→ **Required action**: Repeat verbatim what the listing holds, but not its pictures.

→ **Dataset extract**:
§
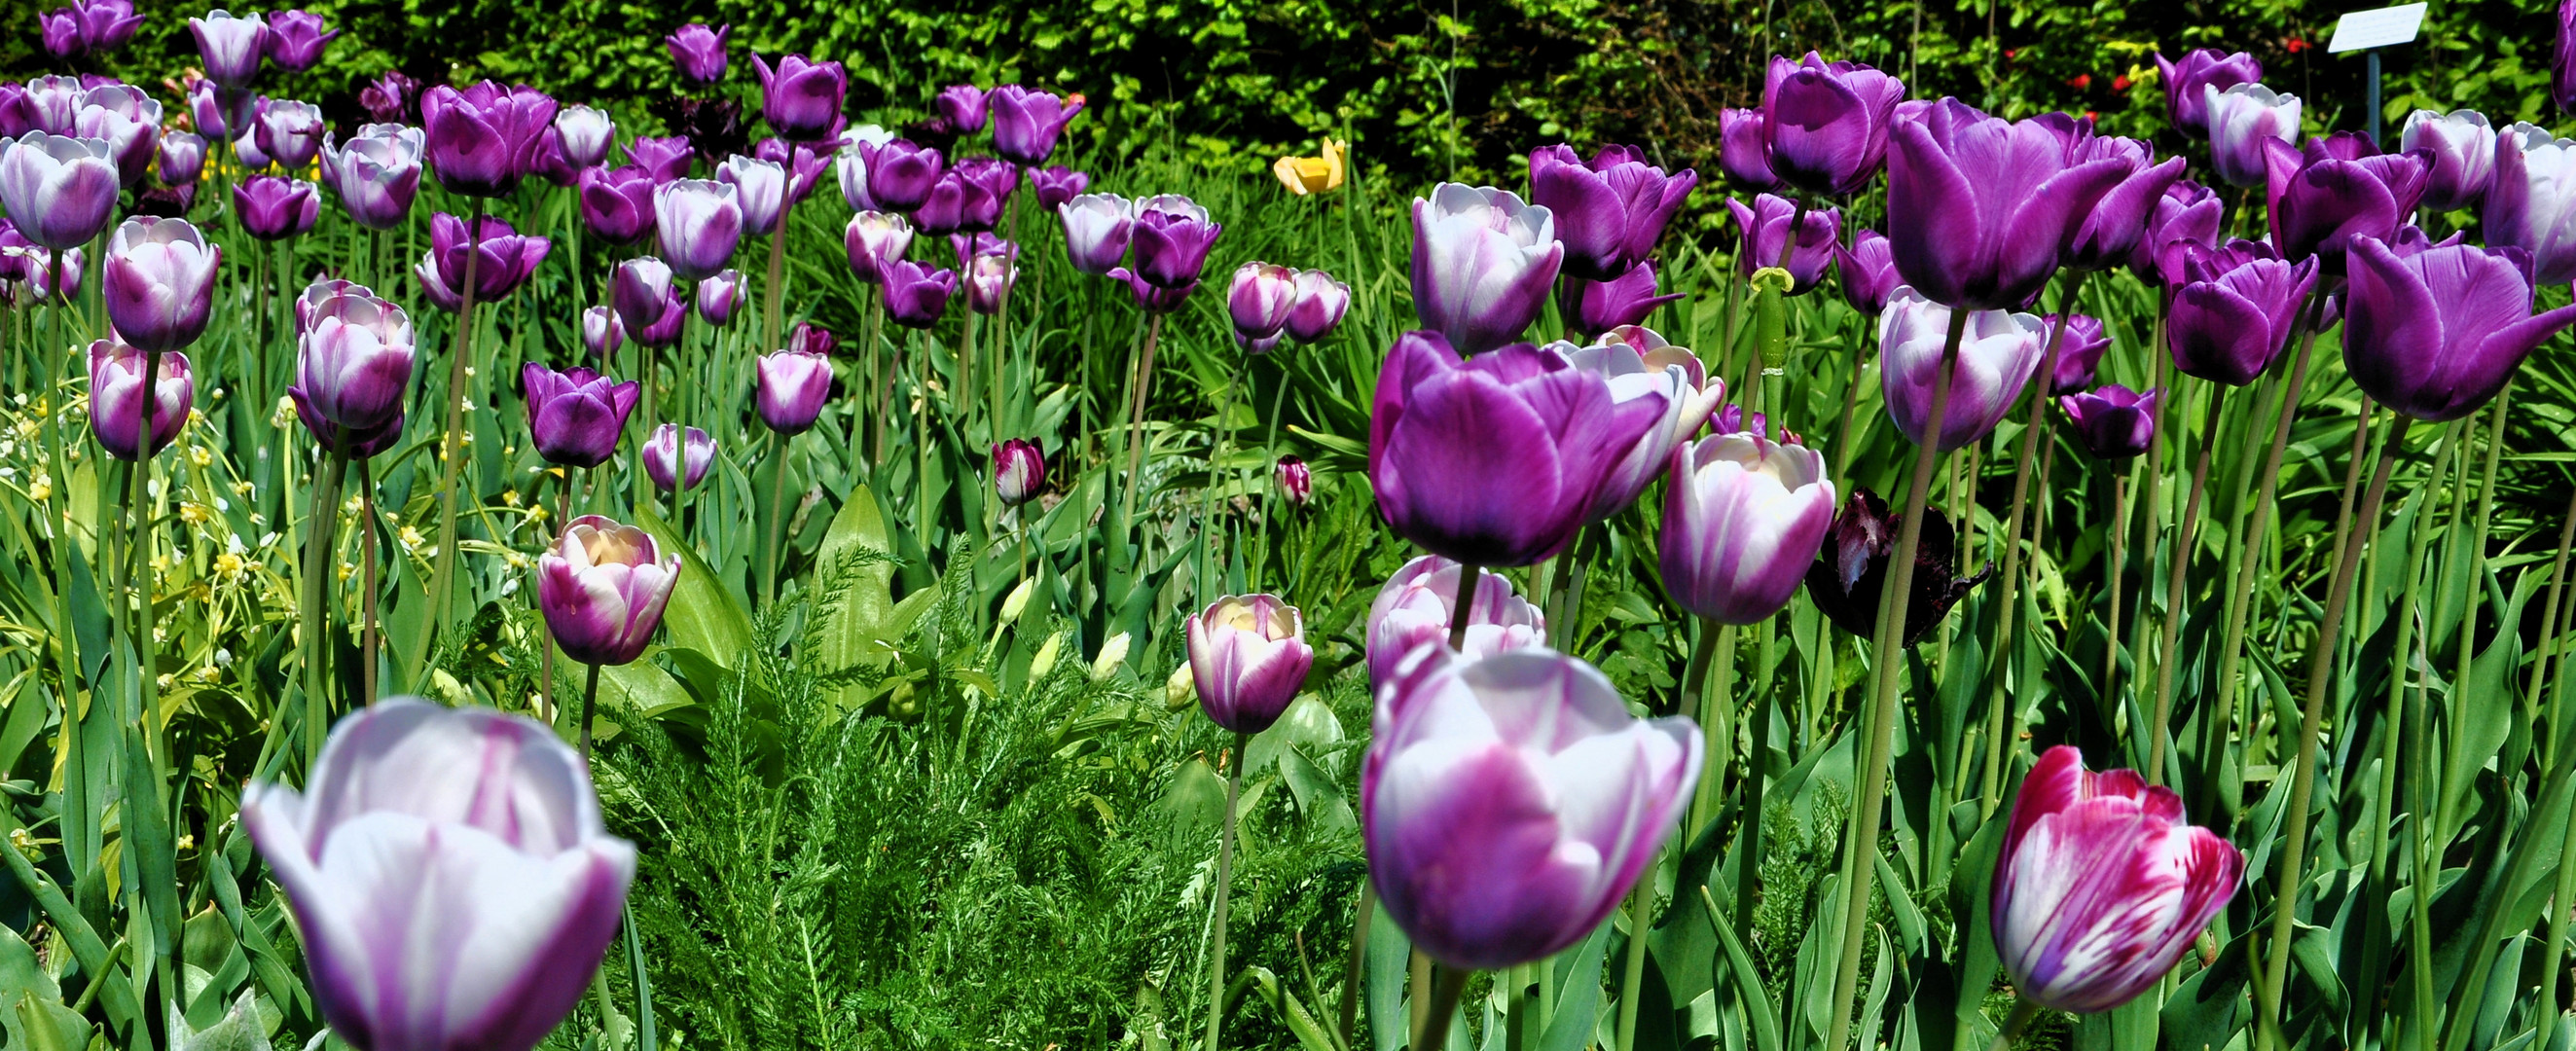 Frühling im Botanischen-Garten Chemnitz 2011.....
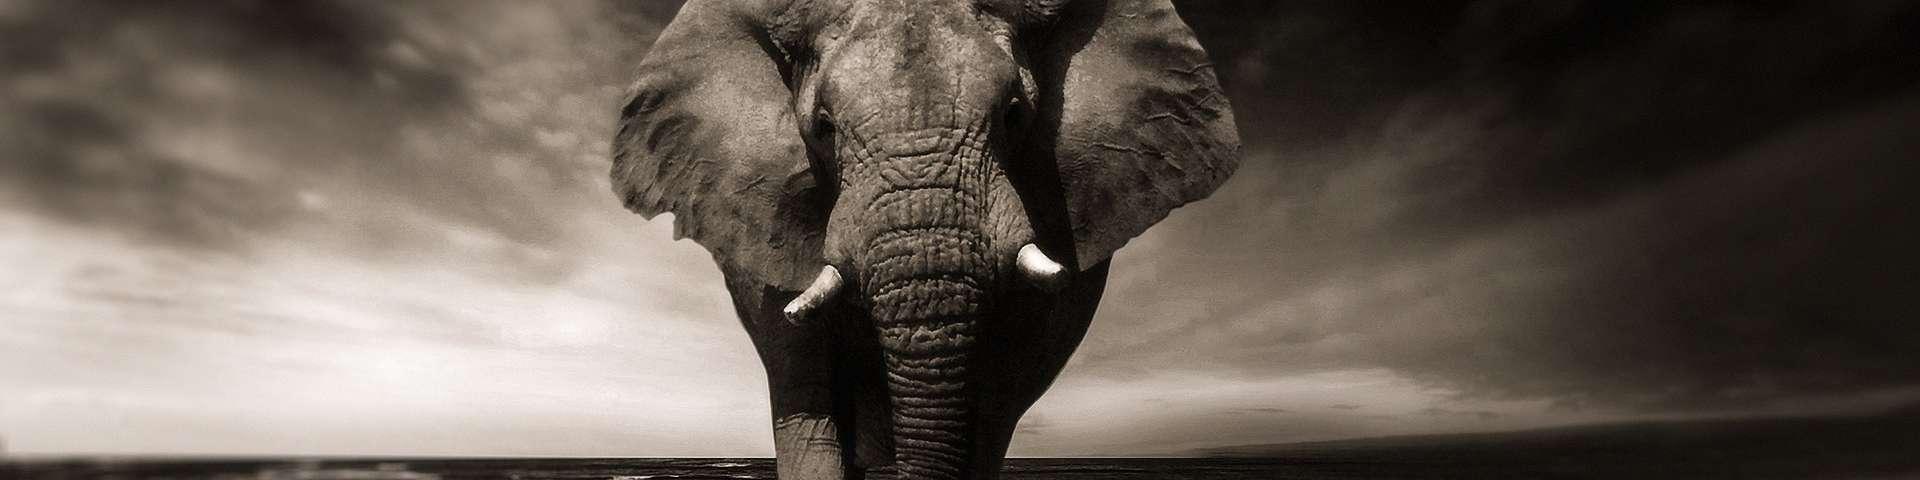 oudste dieren
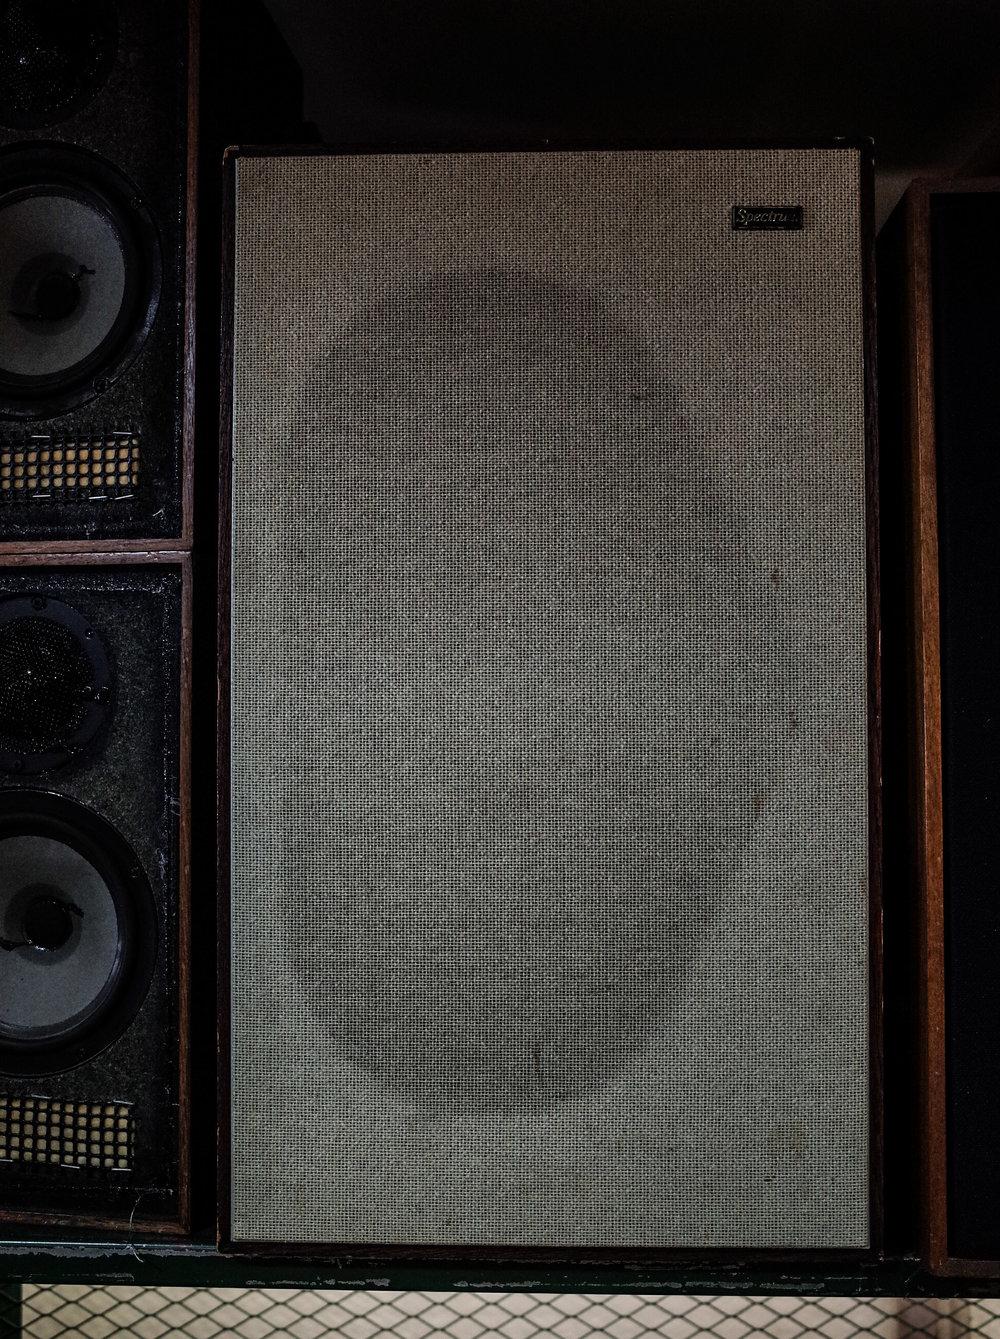 spectrum-speaker.jpg
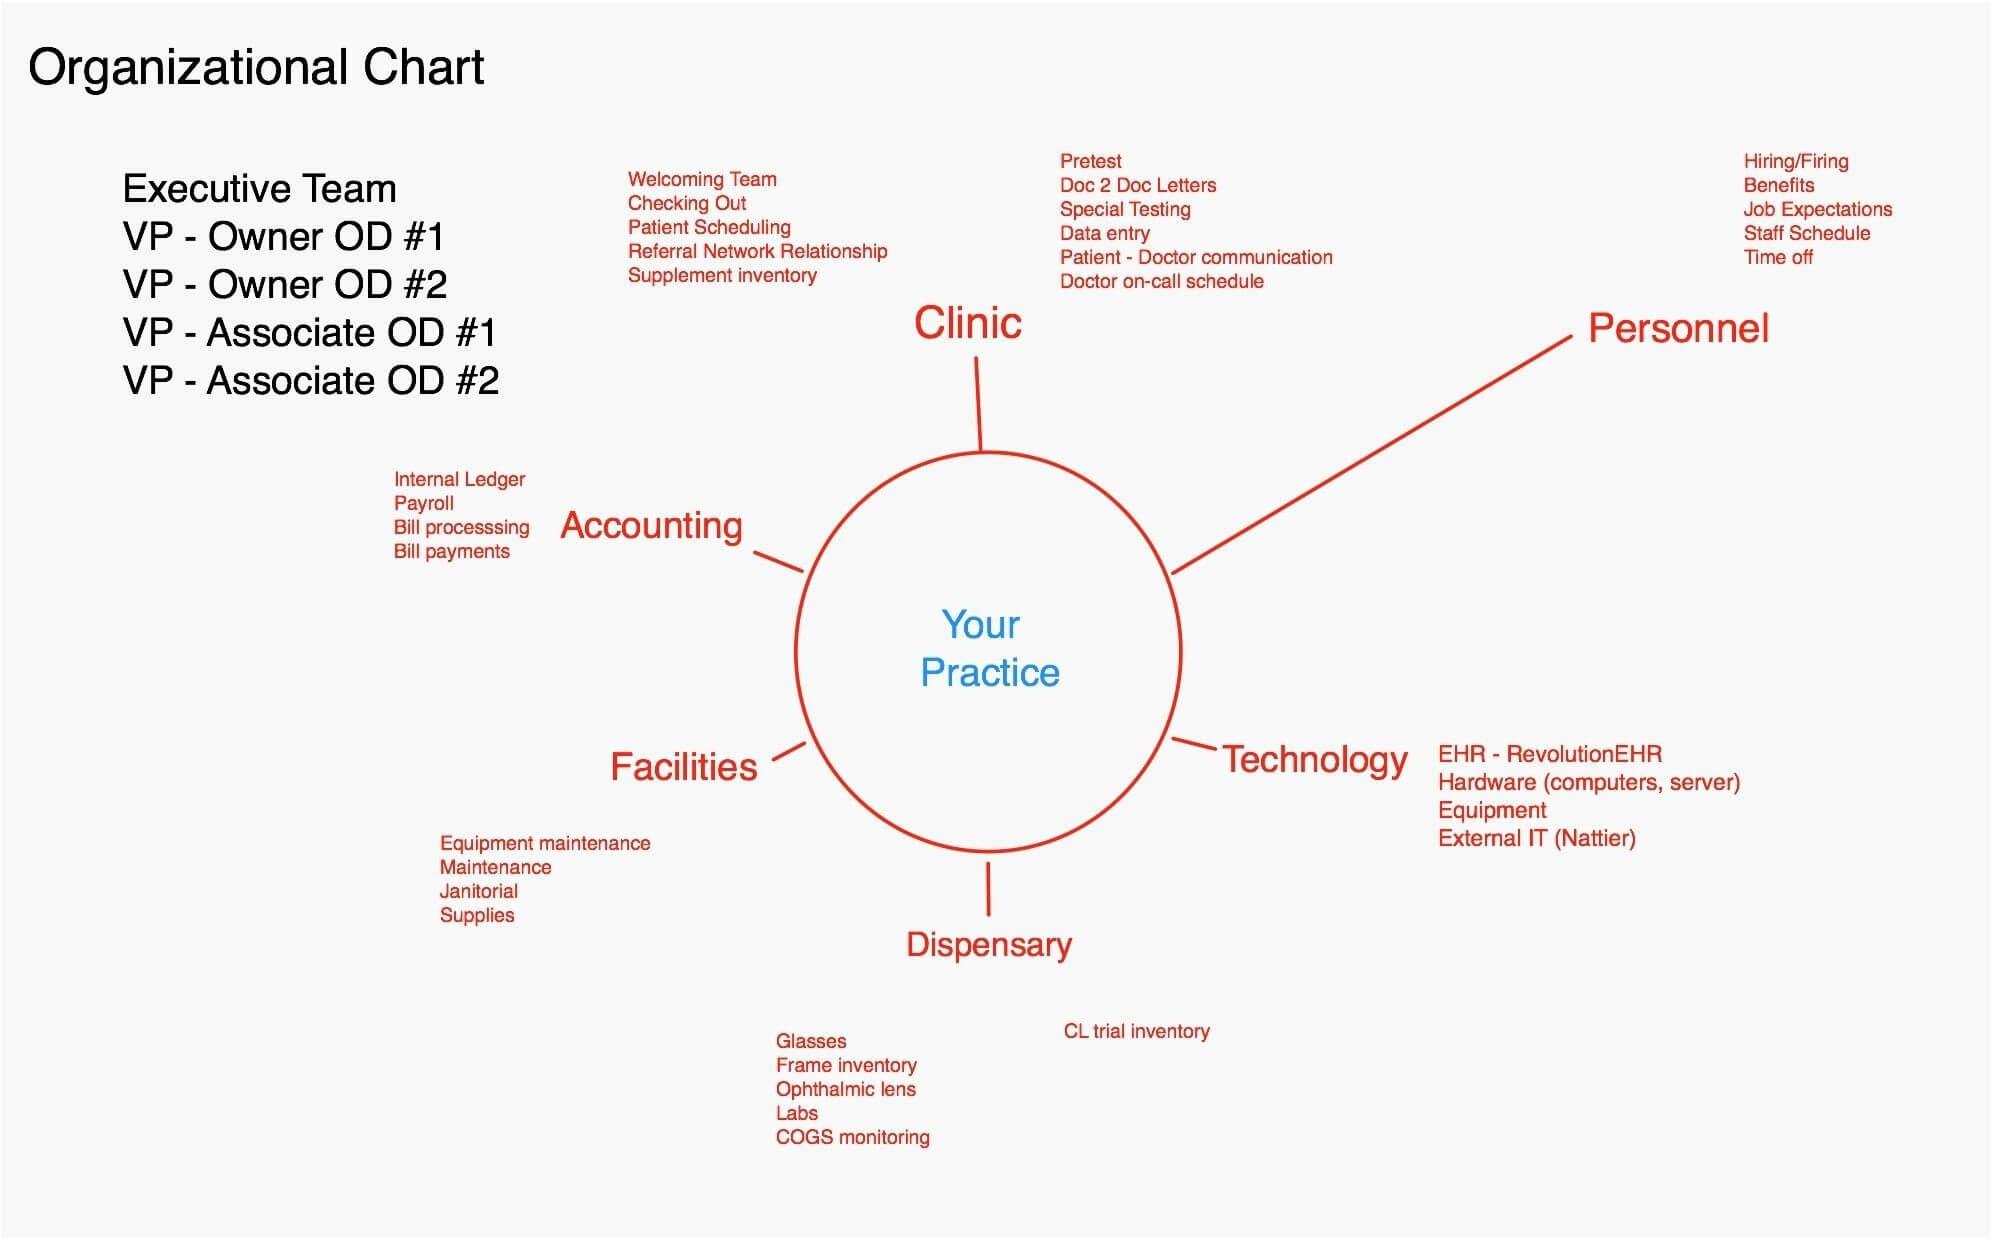 Team Charter Template Powerpoint - Atlantaauctionco For Team Charter Template Powerpoint
§
→ **Written response**:
 Frühling im Botanischen-Garten Chemnitz 2011.....
 oudste dieren
 spectrum-speaker.jpg
 Team Charter Template Powerpoint - Atlantaauctionco For Team Charter Template Powerpoint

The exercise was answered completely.